The OCT data we process comes in at about 4GSamples/s and my benchmark is for ~5ms of capture data, in the considered dataset 1D-FFT with a length of 2048 points and a block size of 128. It is not a synthetic benchmark, I'm measuring the real life application behavior here (and to eliminate the runtime behavior effects of the other parts I can flip a flag skipping over the DAQ codepath, working on allocated, but uninitialized buffers).
Small FFTs like 2048 only utilize one SM and the way they are given to the GPU may produce some fluctuations. It also depends on the way your code works. Synchronizations are also more impactful in this case. Do you launch a big grid that consists of multiple samples combined in a matrix or you launch each sample separately?
I'm aware of all of that. And yes, we're very synchronization dependent. However we also spent a lot of time tinkering with the launch parameter and properly interleaving all synchronization events and fences due to our demands on achieving low latency.

Find our original publication here: https://doi.org/10.1364/BOE.5.002963

Since then we improved on that.
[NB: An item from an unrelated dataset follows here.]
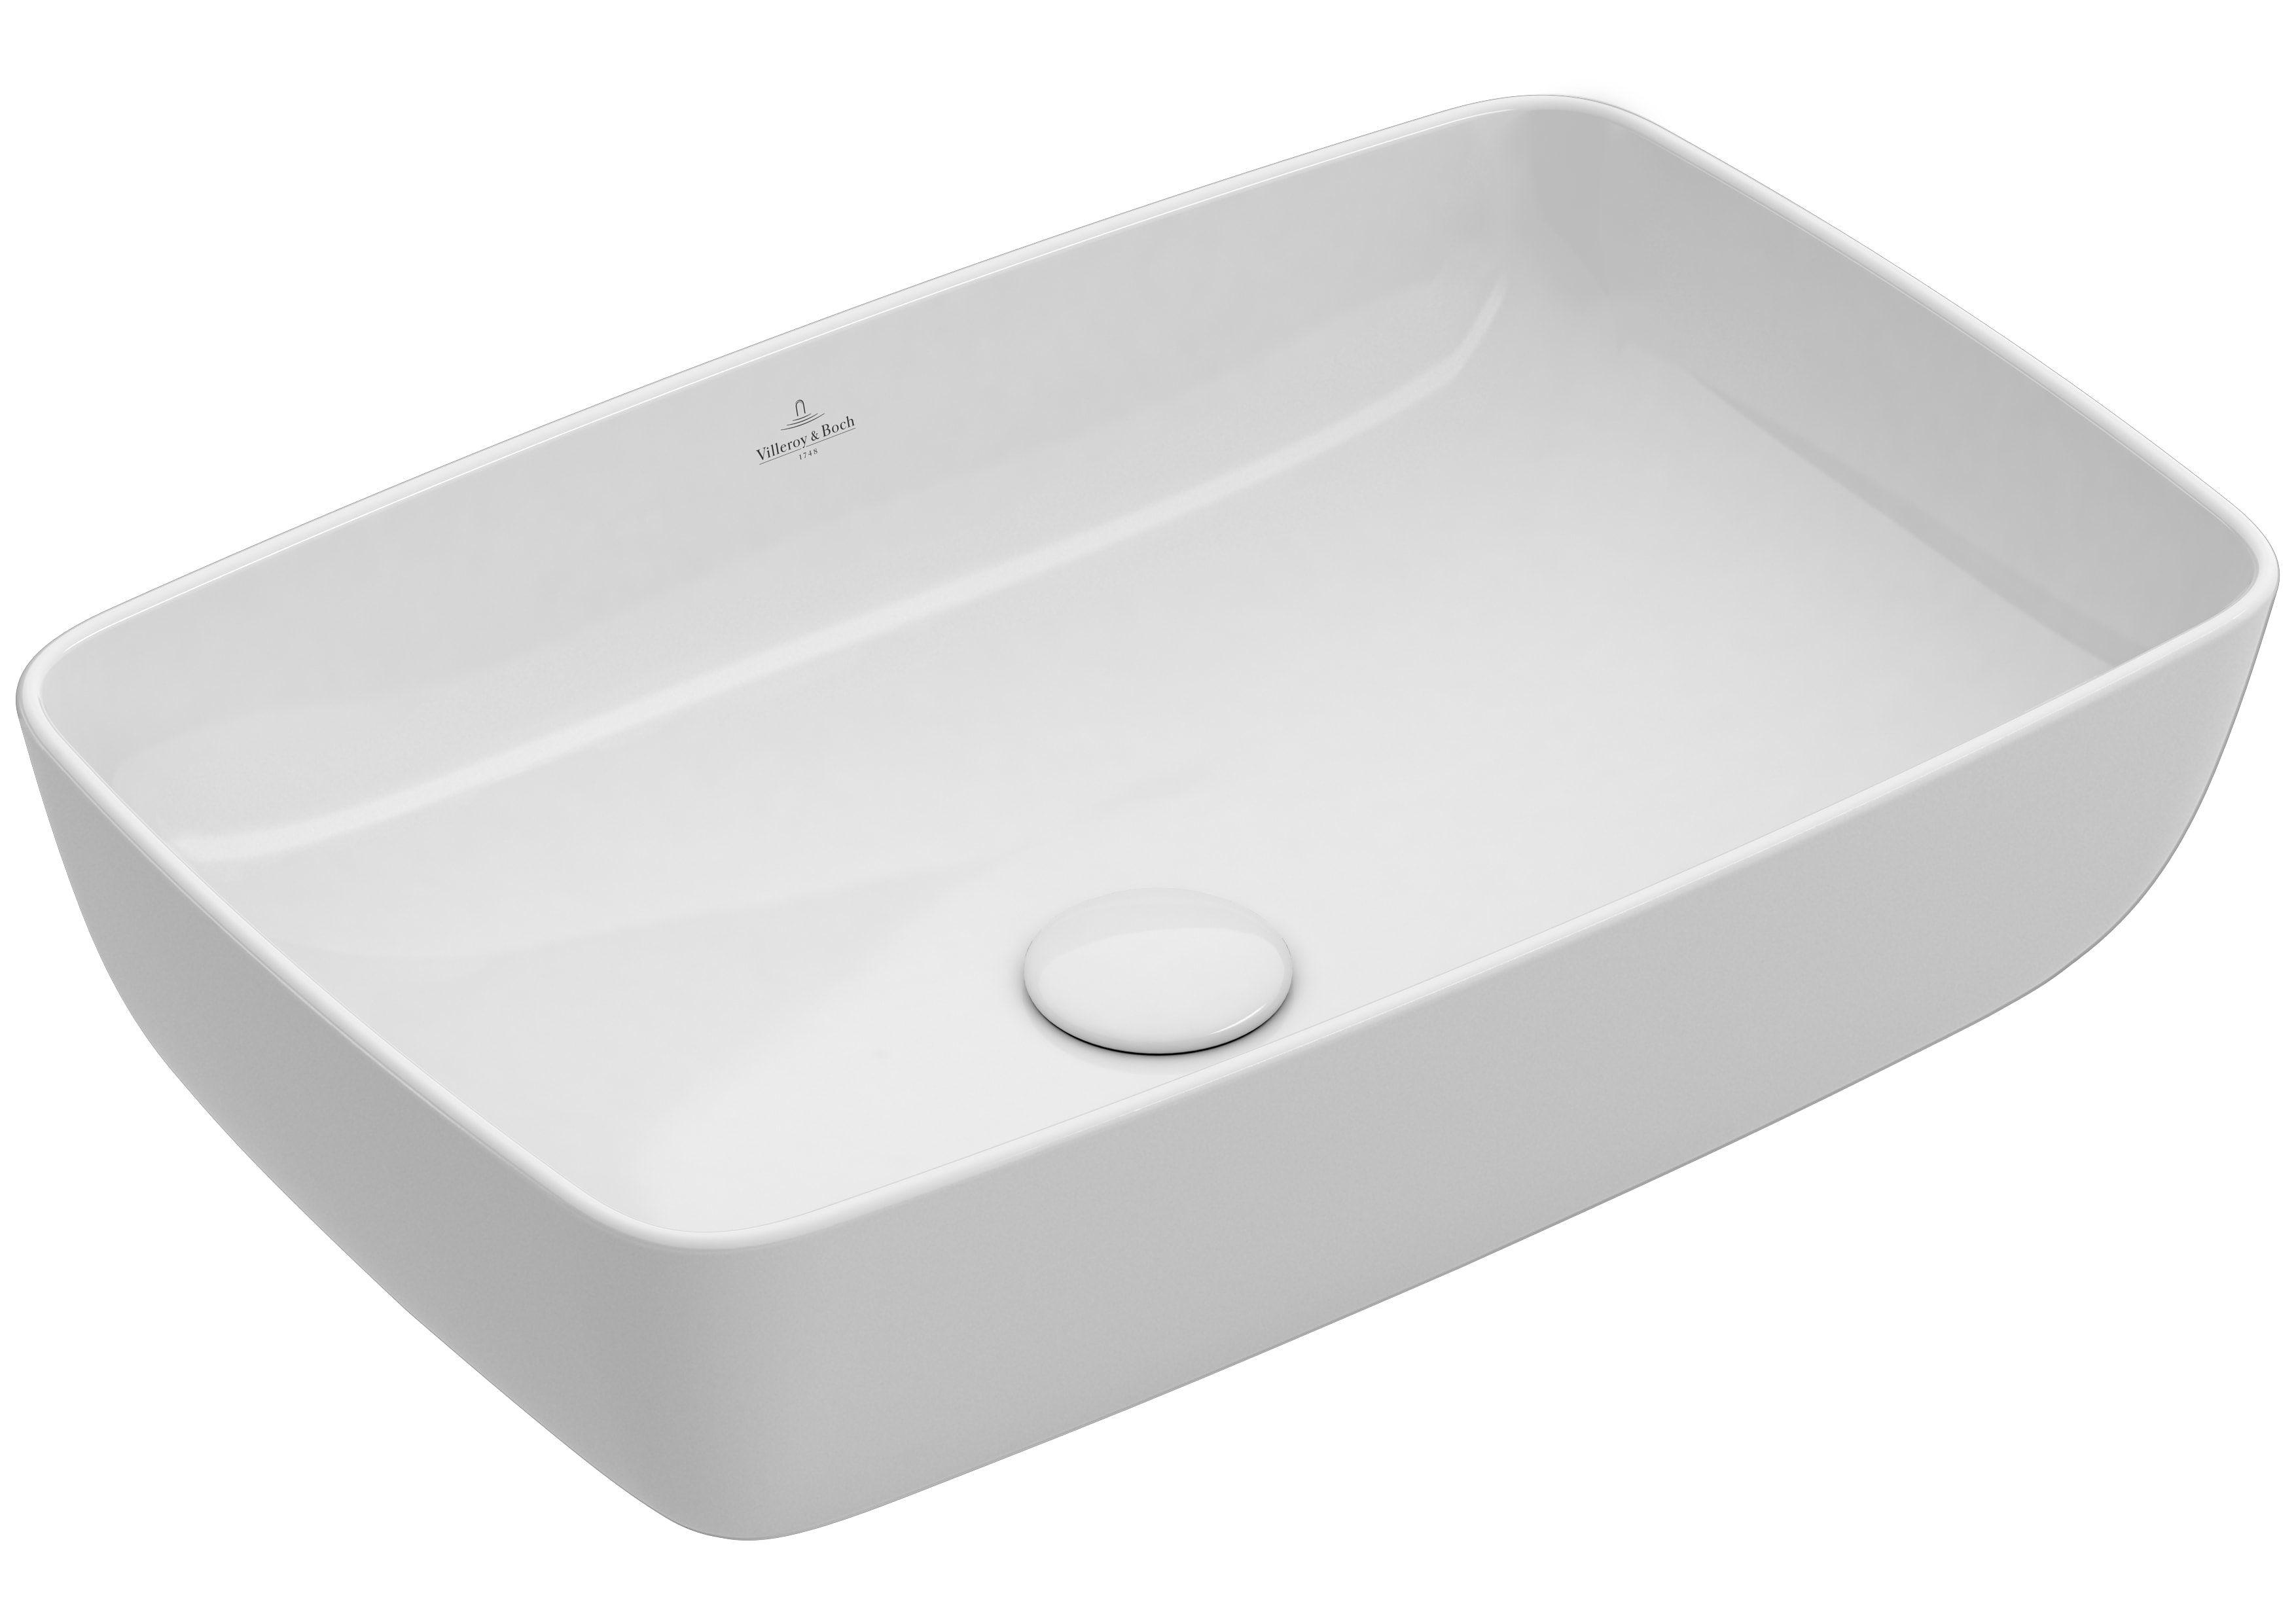 Artis Vessel Washbasin Rectangular By Villeroy And Boch List 640 At Dering Hall Wash Basin Sink Design Powder Room Sinks

For the resampling and complex tonemapping we determined empirically that a grid of 128 threads, each processing a whole line achieves the best throughput; there's a 2D parameter space of possible launch configurations and we brute force the whole thing (so far I didn't benchmark the RTX20xx and RTX30xx GPUs, but it was consistent between the GTX690 to GTX1080). The FFT plan is what cufftPlan1d is producing for a single axis transform over a 2D array, usually 2048 point FFT, but with up to 4096 lines (well, technically whatever the maximum dimension for 3D textures is).
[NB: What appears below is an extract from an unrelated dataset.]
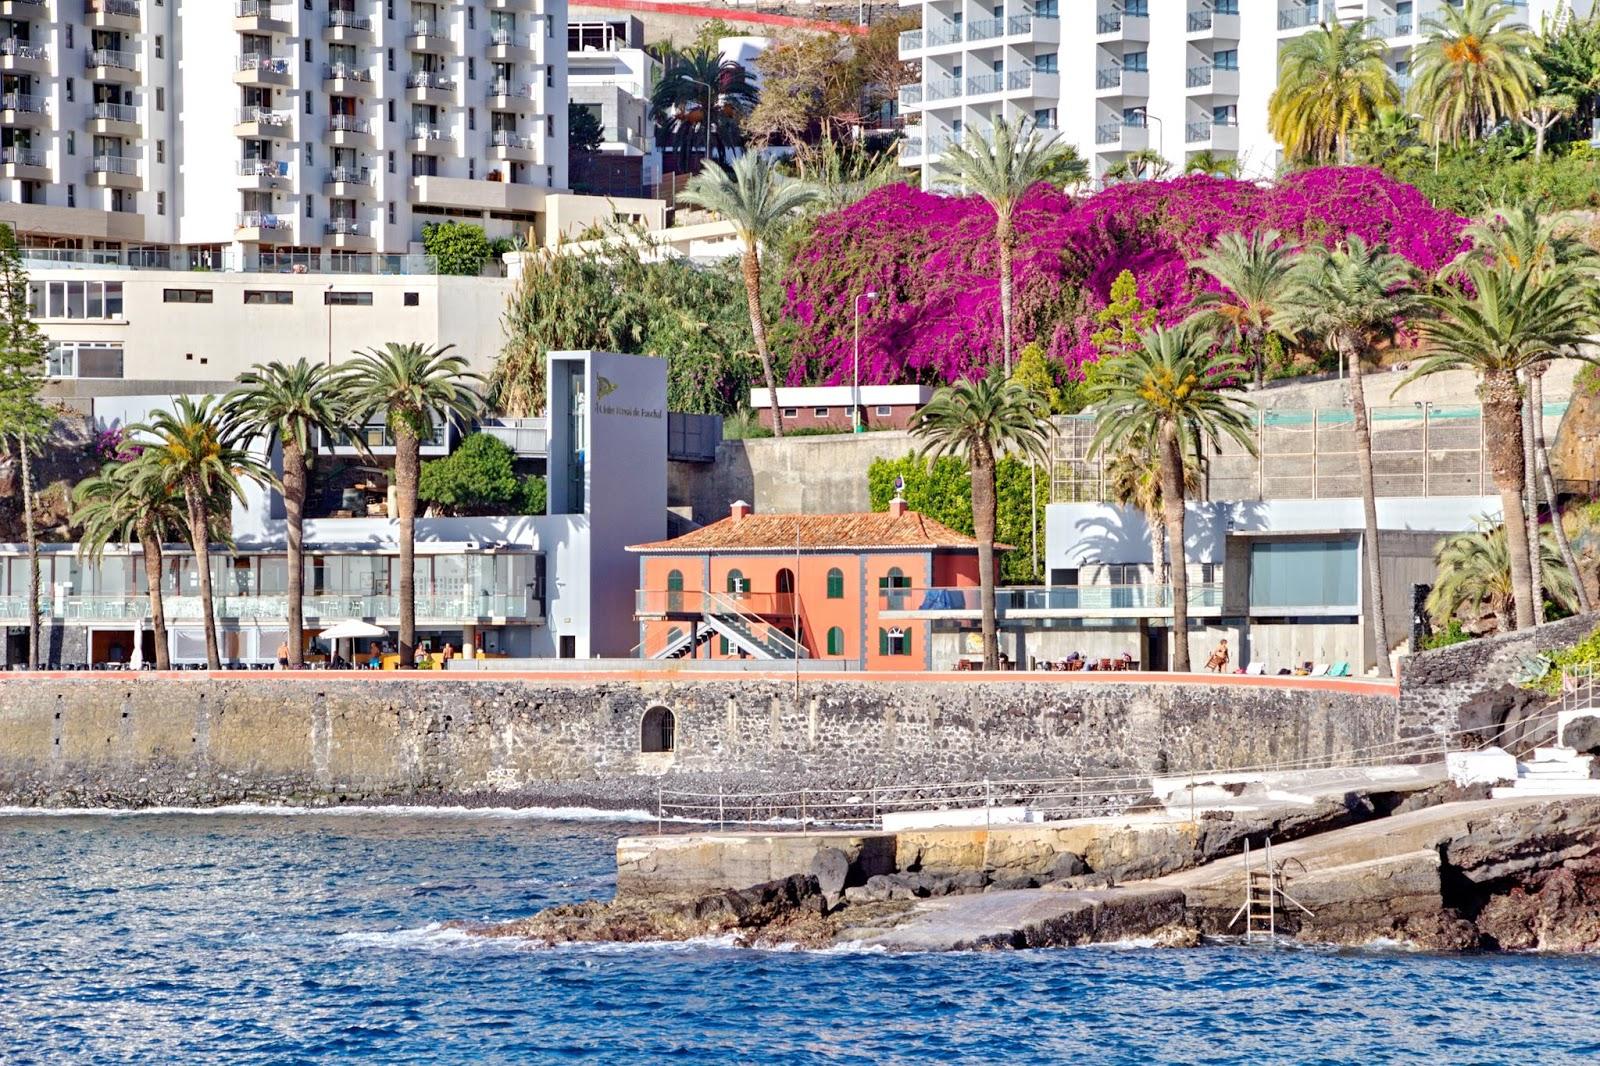 o Clube Naval do Funchal

> Do you launch a big grid that consists of multiple samples combined in a matrix

Of course!

> or you launch each sample separately?

Of course not, that'd be stupid.

Well, most likely I won't be able to help explaining the fluctuation easily then, as you have spent a lot of time on it already. It would be cool to try VkFFT in this usage scenario at some pont in the future though - it also can do 1D FFTs of grouped in matrix sequences.
As I already mentioned over at https://www.reddit.com/r/vulkan/comments/i2ivzh/new_vulkan_f... I'm going to do that. And will let you know how it goes.
Please check out cuFFTDx - you may be able to fuse parts of your pipeline on-chip.
If it's multimodal, then averaging it out is the wrong thing to do. A histogram would be more appropriate to display the different modes.